WHAT IS REQUIRED >> Images aside, the whole listing should be written out word for word.

DATASET EXTRACT >>
────────

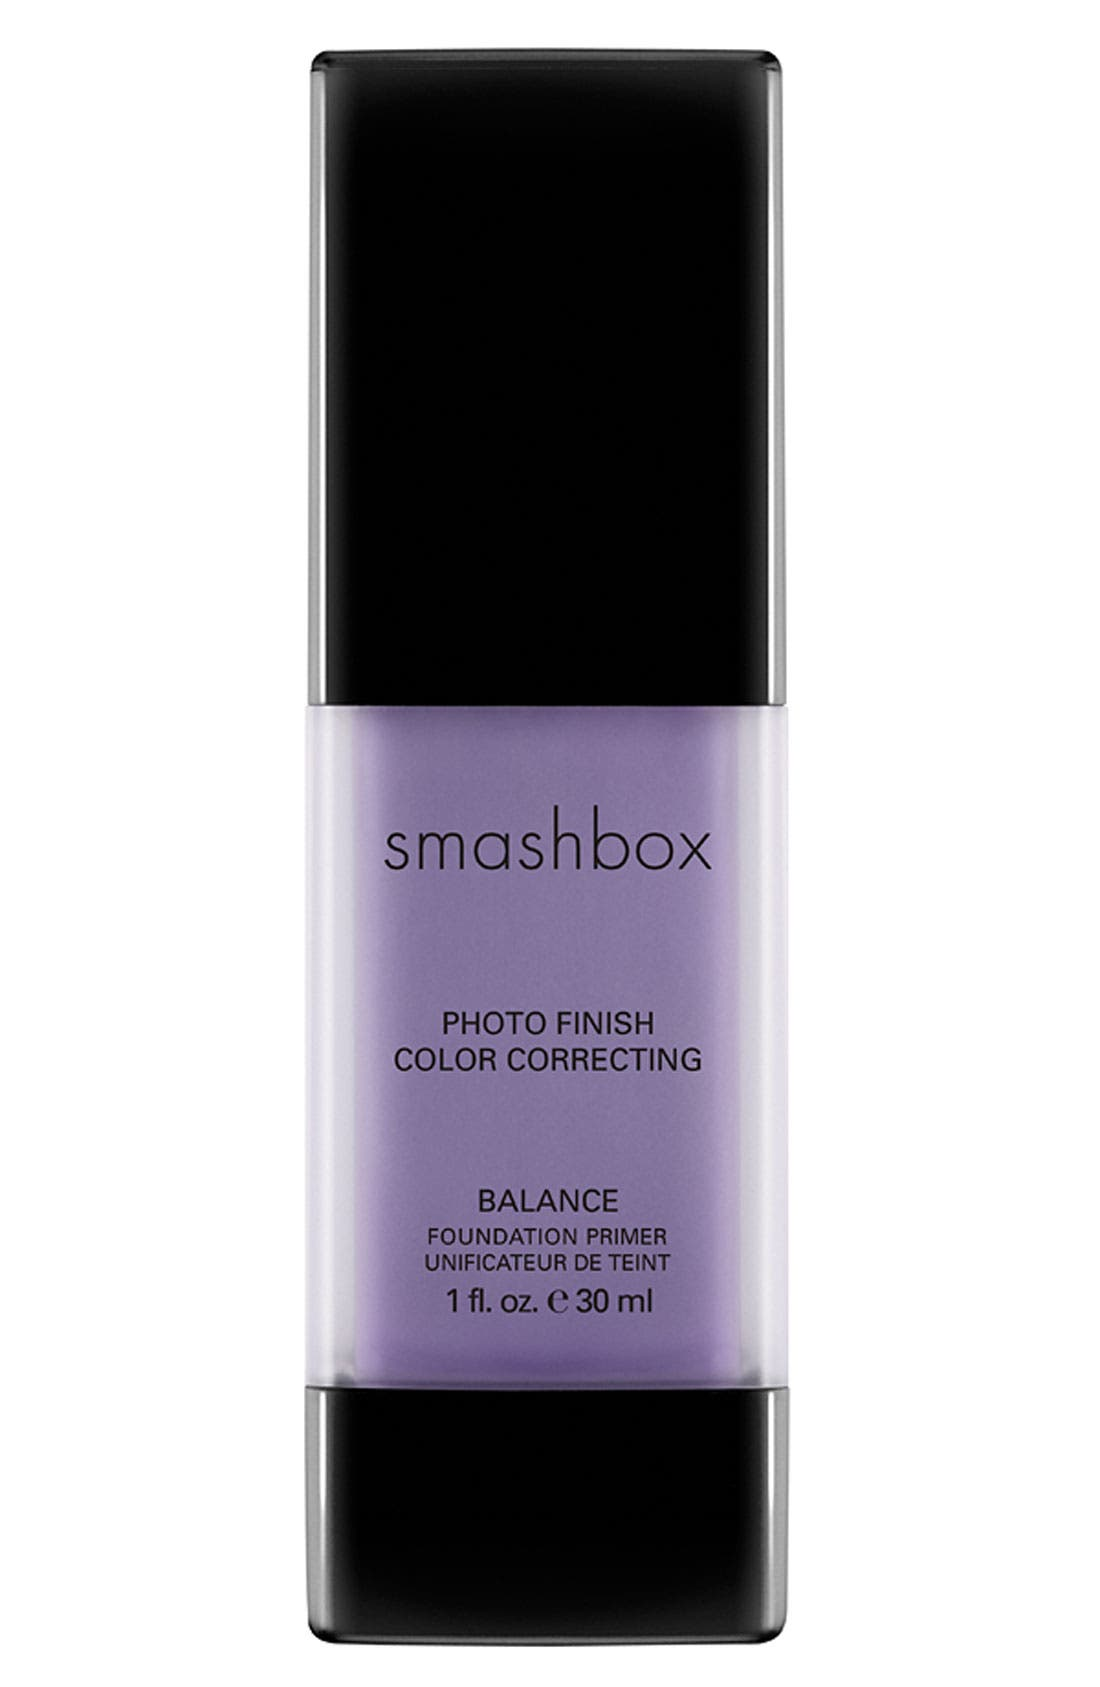 Smashbox Photo Finish Color Correcting Foundation Primer Nordstrom
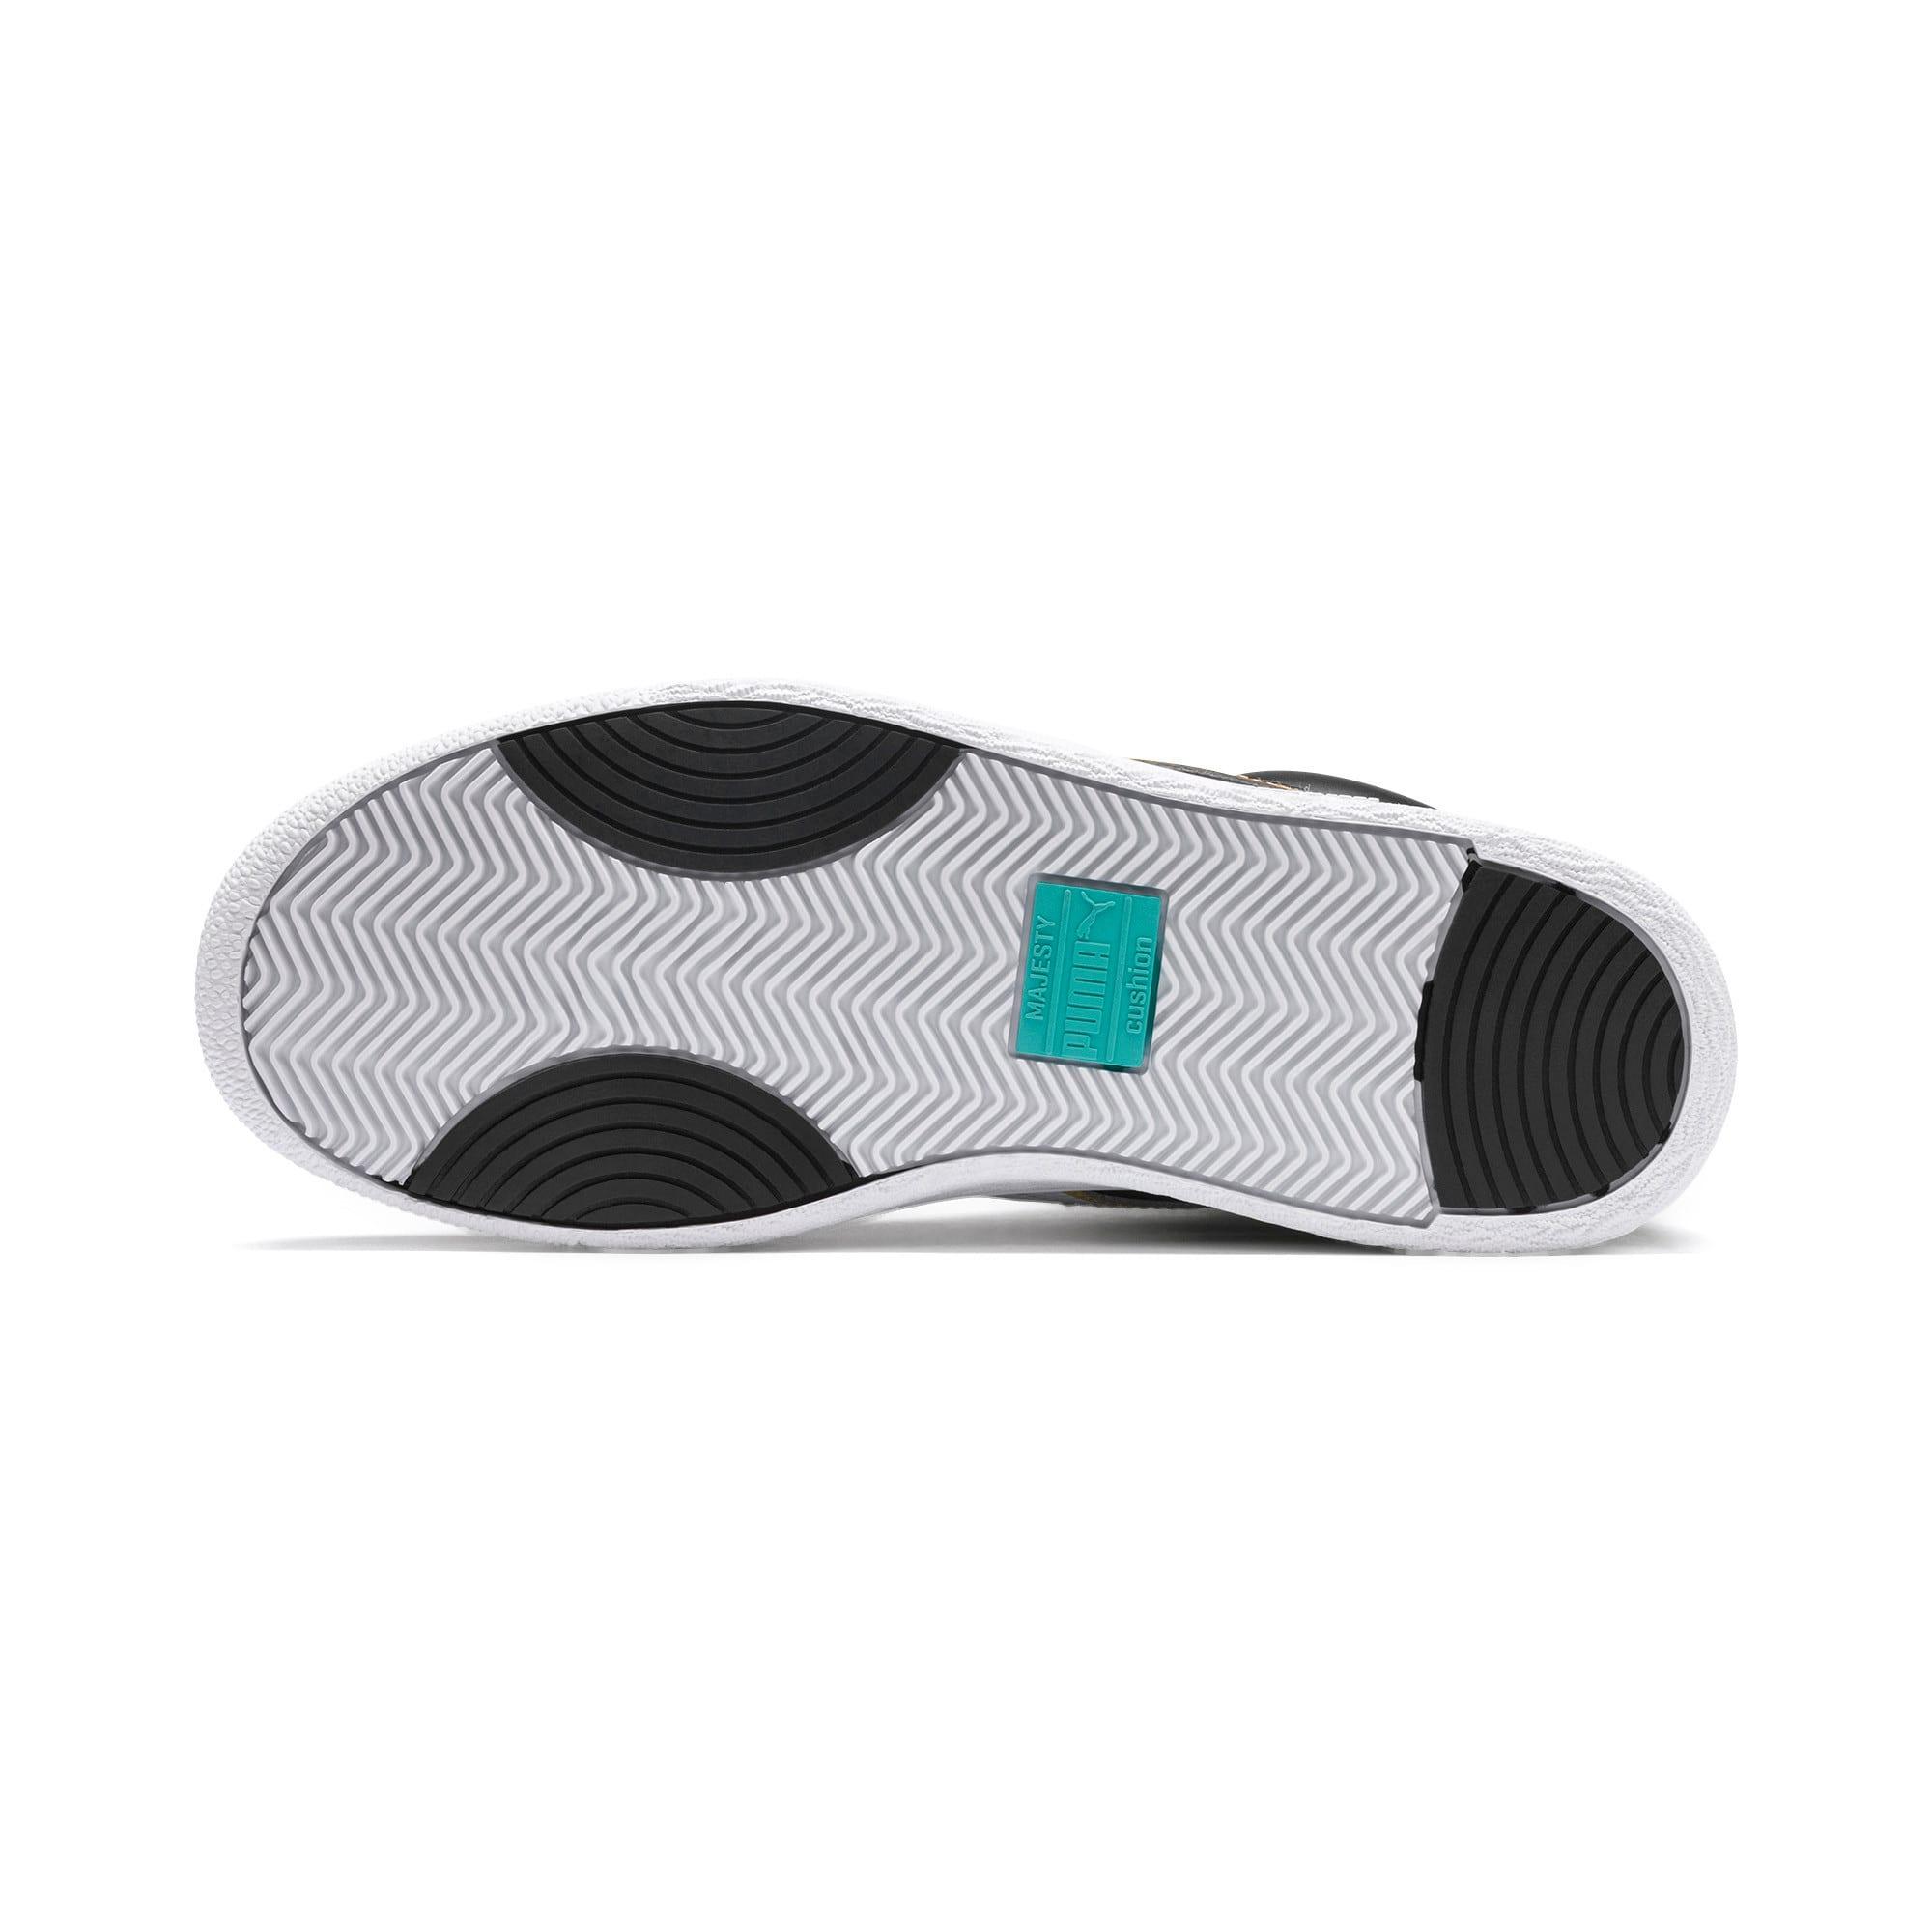 Miniatura 5 de Zapatos deportivos de caña media Ralph Sampson Hoops, Puma Blk-Puma Wht-Puma Wht, mediano
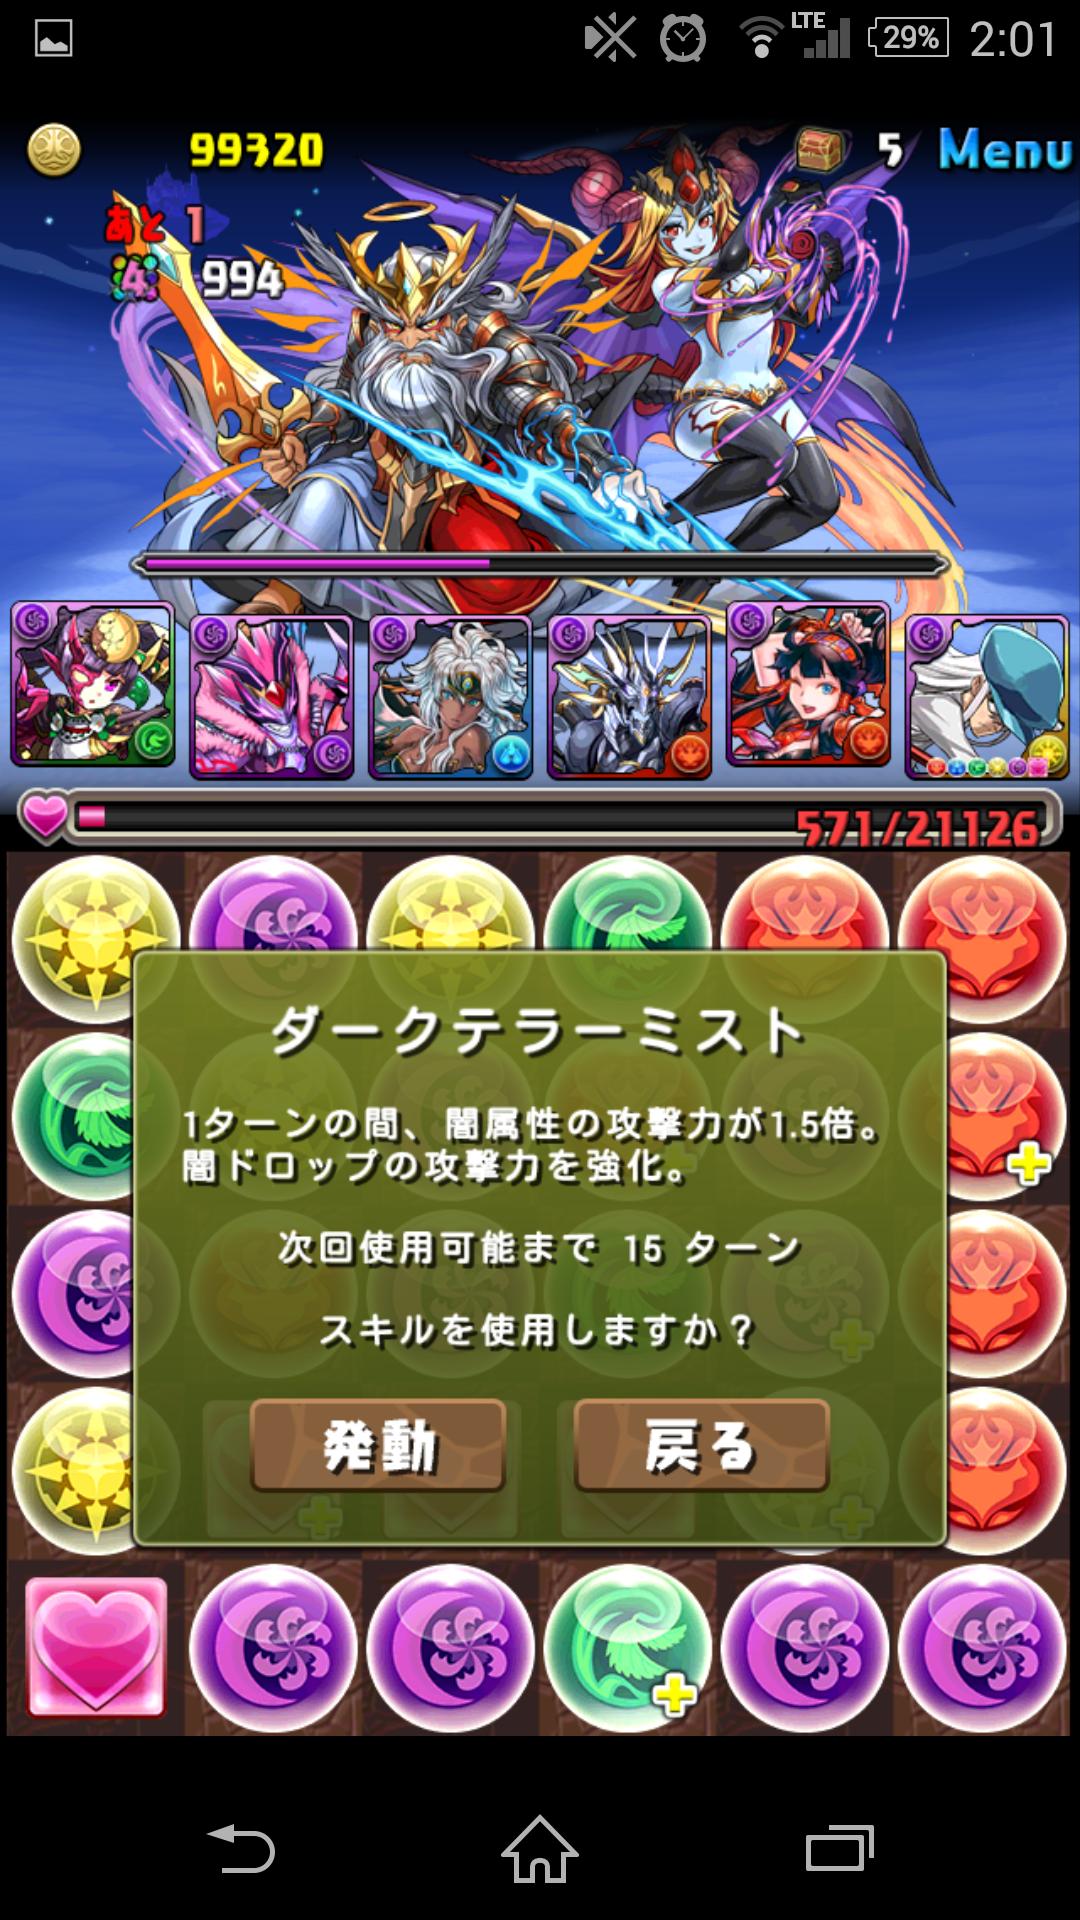 Screenshot_2015-09-01-02-01-27.png

────────

EXPECTED ANSWER >>
 Smashbox Photo Finish Color Correcting Foundation Primer Nordstrom
 Miniatura 5 de Zapatos deportivos de caña media Ralph Sampson Hoops, Puma Blk-Puma Wht-Puma Wht, mediano
 Screenshot_2015-09-01-02-01-27.png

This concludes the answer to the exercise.